Urgent Call for Action: Safeguarding Spain’s National Health System
The evident inefficiencies of our National Health System (SNS) have jeopardized one of the vital pillars for social cohesion and the welfare state, dragging patients and professionals.
More than four million people on waiting lists, primary care collapsed, a system overwhelmed by the pandemic and a society that looks expectantly towards this ruling class far removed, at times, from the pain of the street.
At this hour, what more legitimate concern could our politicians have than the best possible healthcare?
The light has changed in this post-electoral scenario, in which the tension has swept away all paths of consensus and time seems to have stopped. It is a luxury that we cannot afford.
The problem is no longer what is happening, which is also happening, but what awaits us around the corner.
With the largest generation in history knocking on the doors of retirement, the challenge of chronic patients in Spain has just loomed – the current 20 million patients, to whose care three quarters of the health resources are allocated, represent already 80% of visits to the GP-.
And while the peak of the population pyramid gains weight, the base falls from our hands. Stopping the brain drain is another of the great challenges: we need to retain our professionals, who are so magnificently educated.
So much so that we run the risk of becoming a training center for the rest of Europe -although there are no official data, it is estimated that almost 30,000 Spanish doctors and nurses practice outside the country.

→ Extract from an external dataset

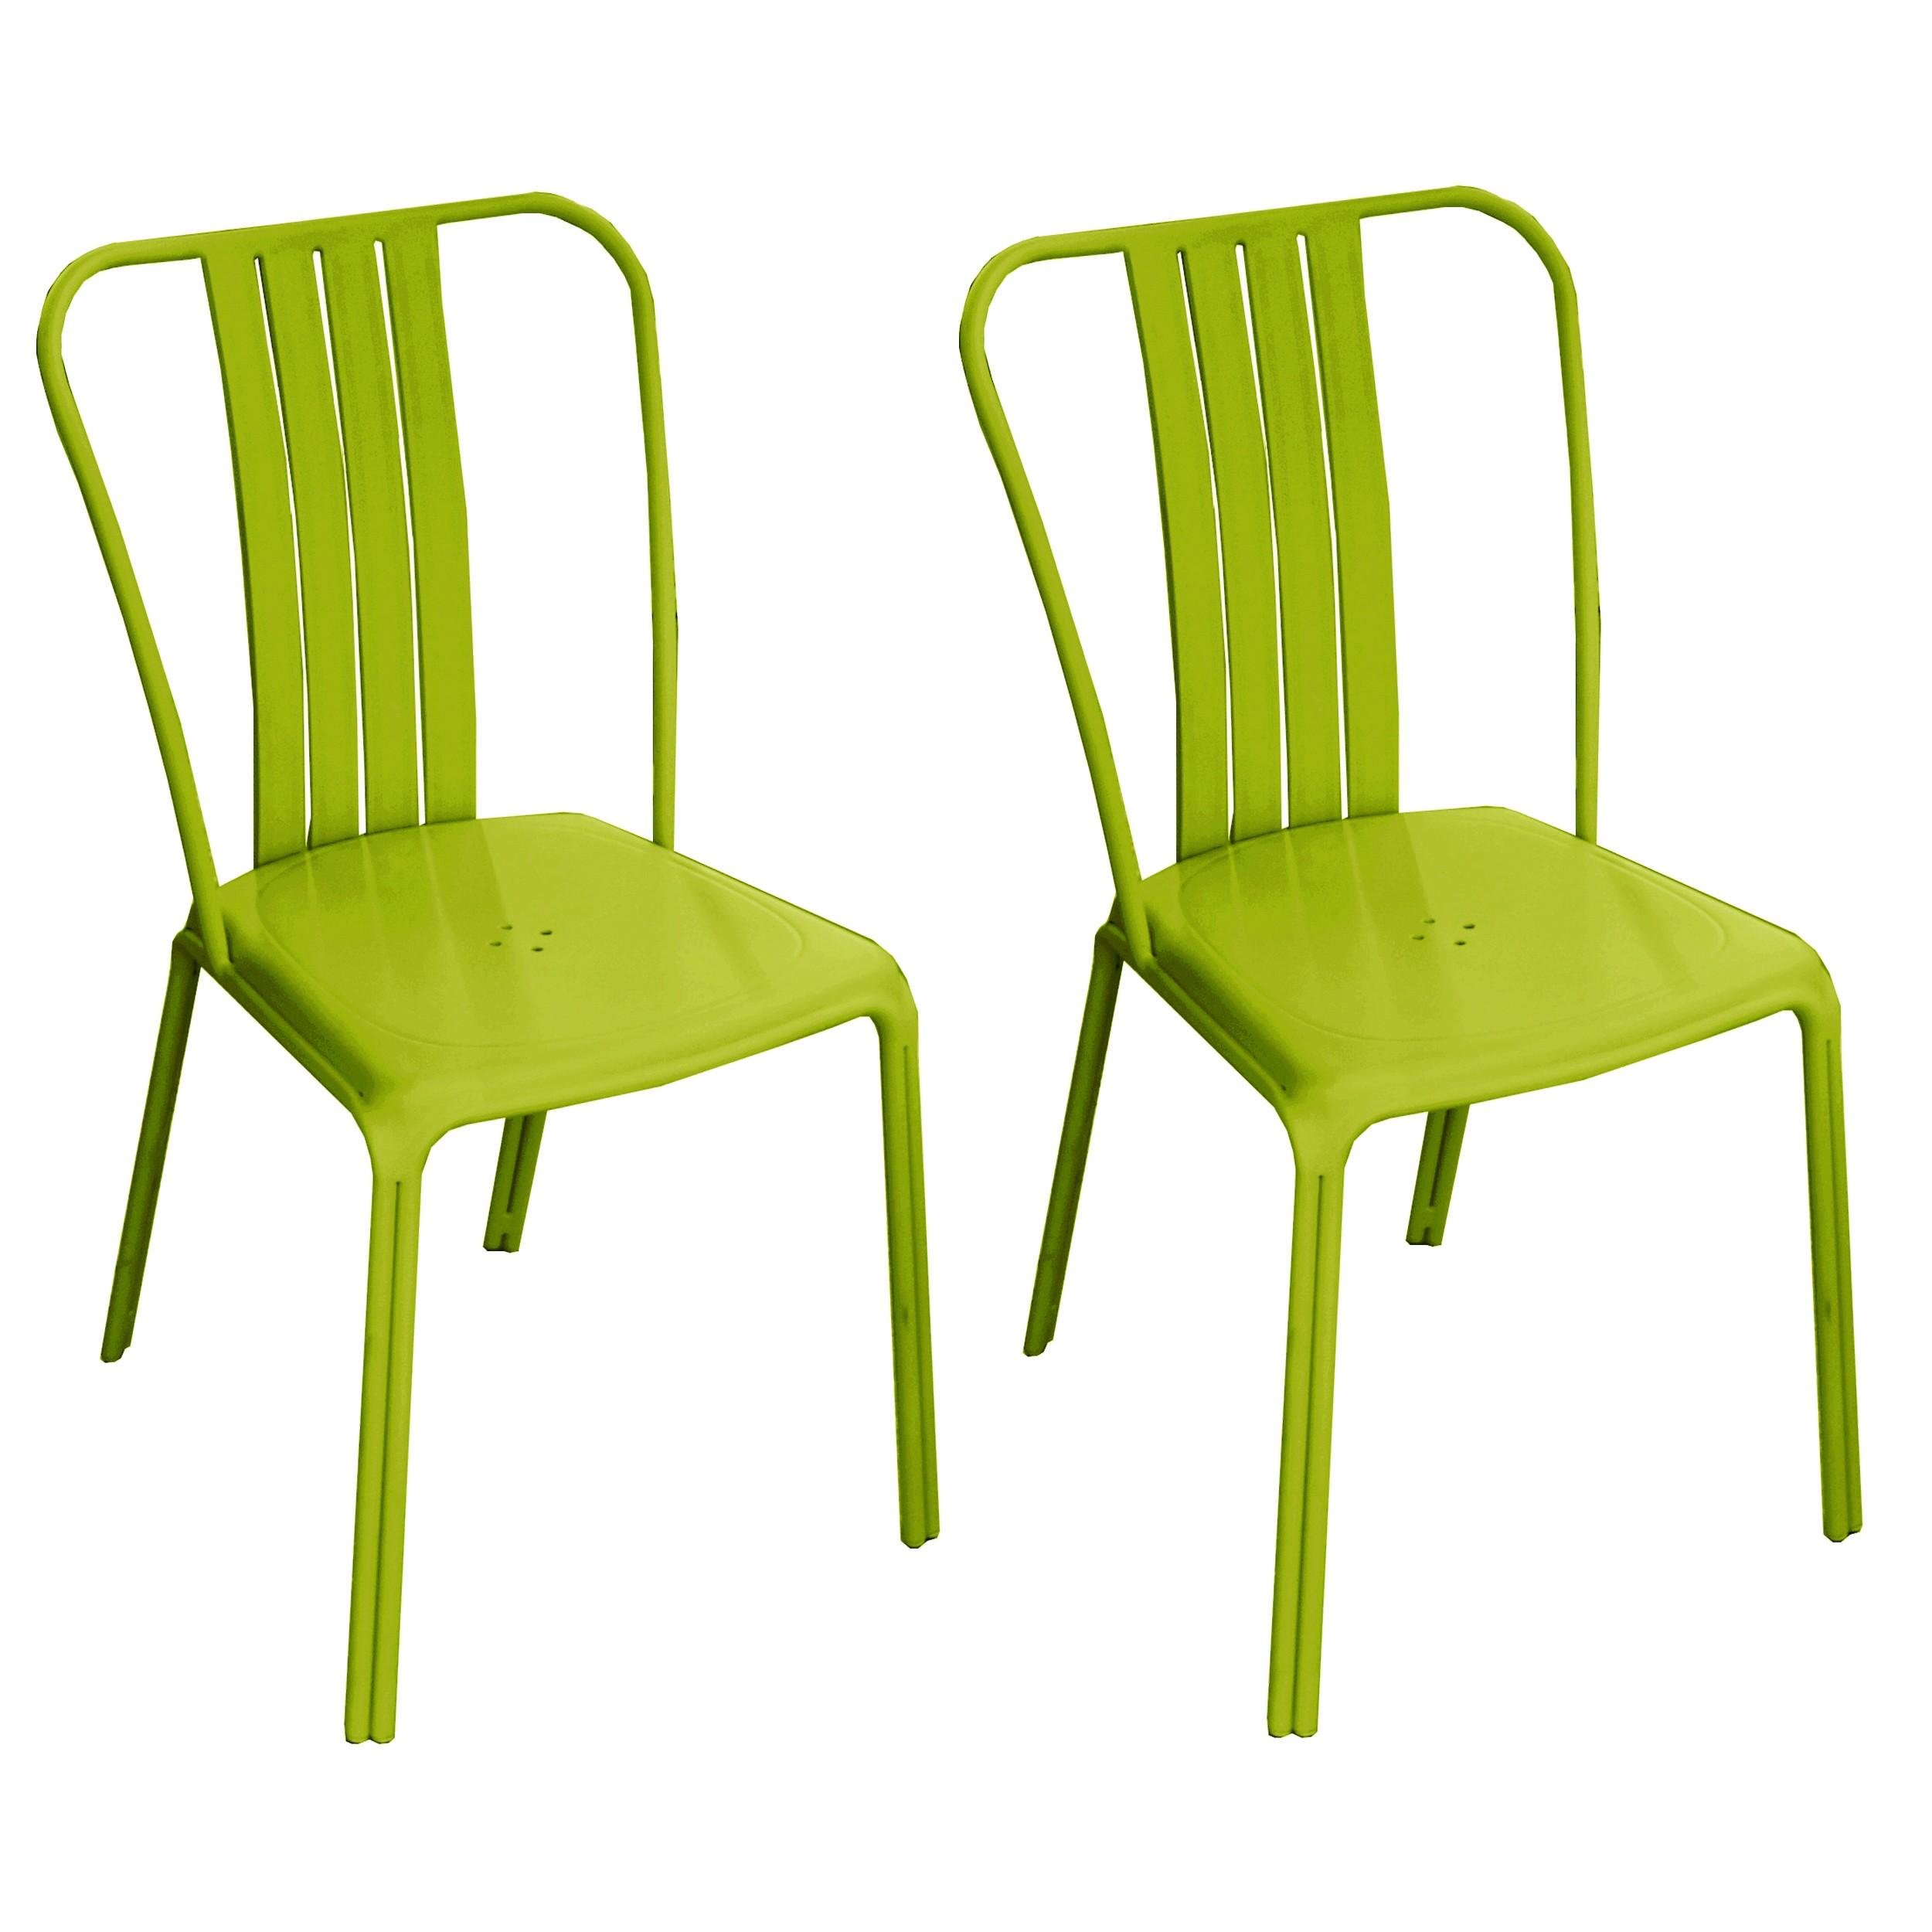 acheter chaise exterieure verte moderne prix bas
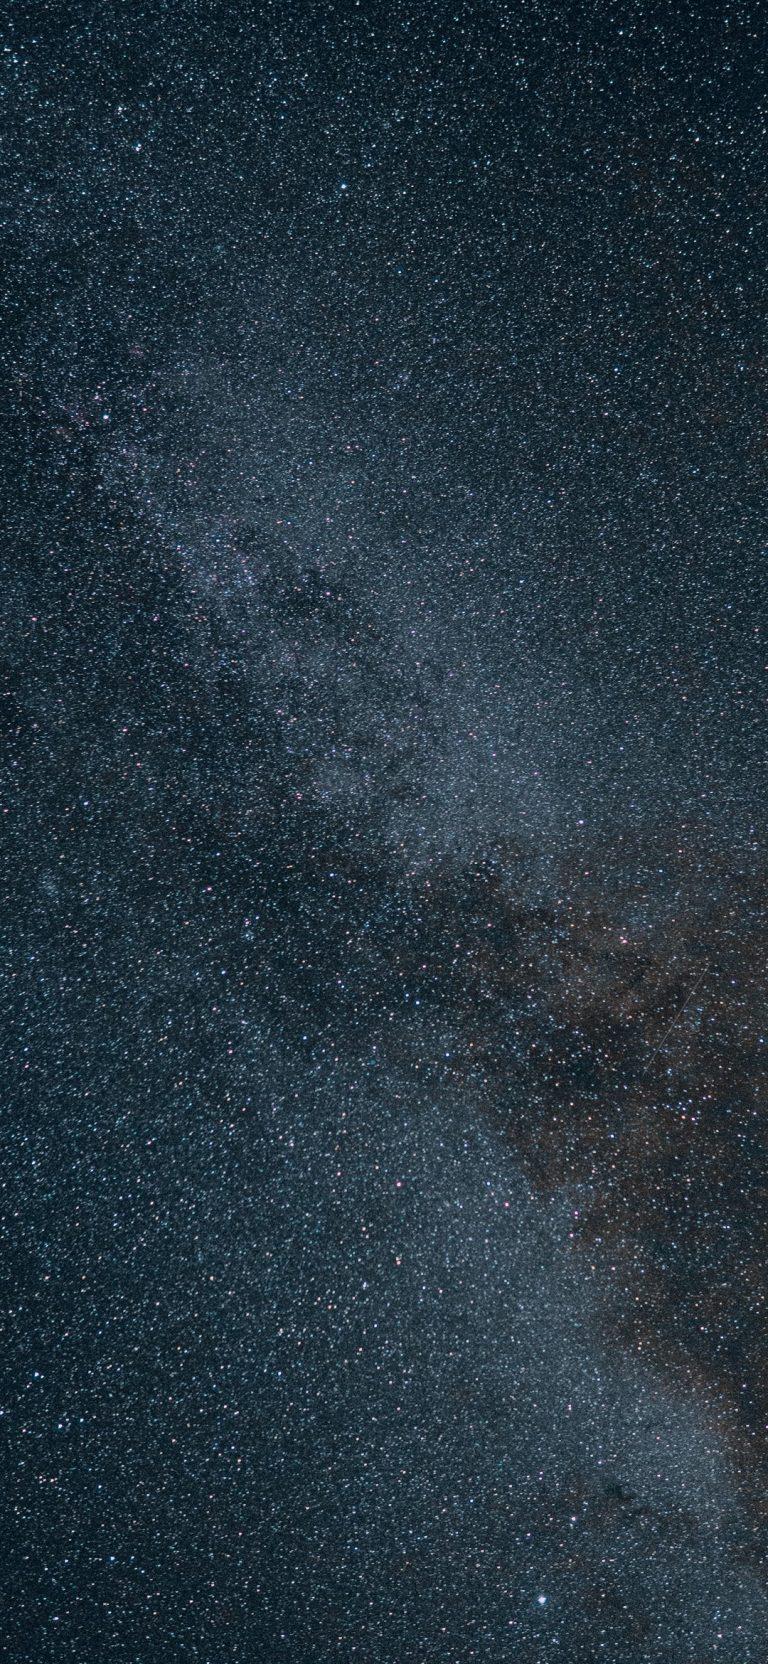 Space Phone Wallpaper 238 1080x2340 768x1664

A strategy is urgently needed that grants flexibility and resources to a SNS that should focus on prevention and technology.
The public-private collaboration model, woven for more than 20 years of consensus and which has made Spain an international benchmark, requires attention and repair.
Our memory is so light that some have already forgotten the enormous effort made by private healthcare during the pandemic, thanks to which we were able, together, to face the Covid crisis.
On the brink of that abyss the big parties managed to find themselves. In recent months we have also heard one another agree on the diagnosis of an exhausted SNS -this was confirmed in one of the last Circle Debates held in May in Madrid, and on the call for a State Pact for the Health. There is no more delay.
It is time to work to reverse the degradation of the system and assume the challenge of shielding free and universal public health from ideological fluctuations. The moment demands vision and responsibility.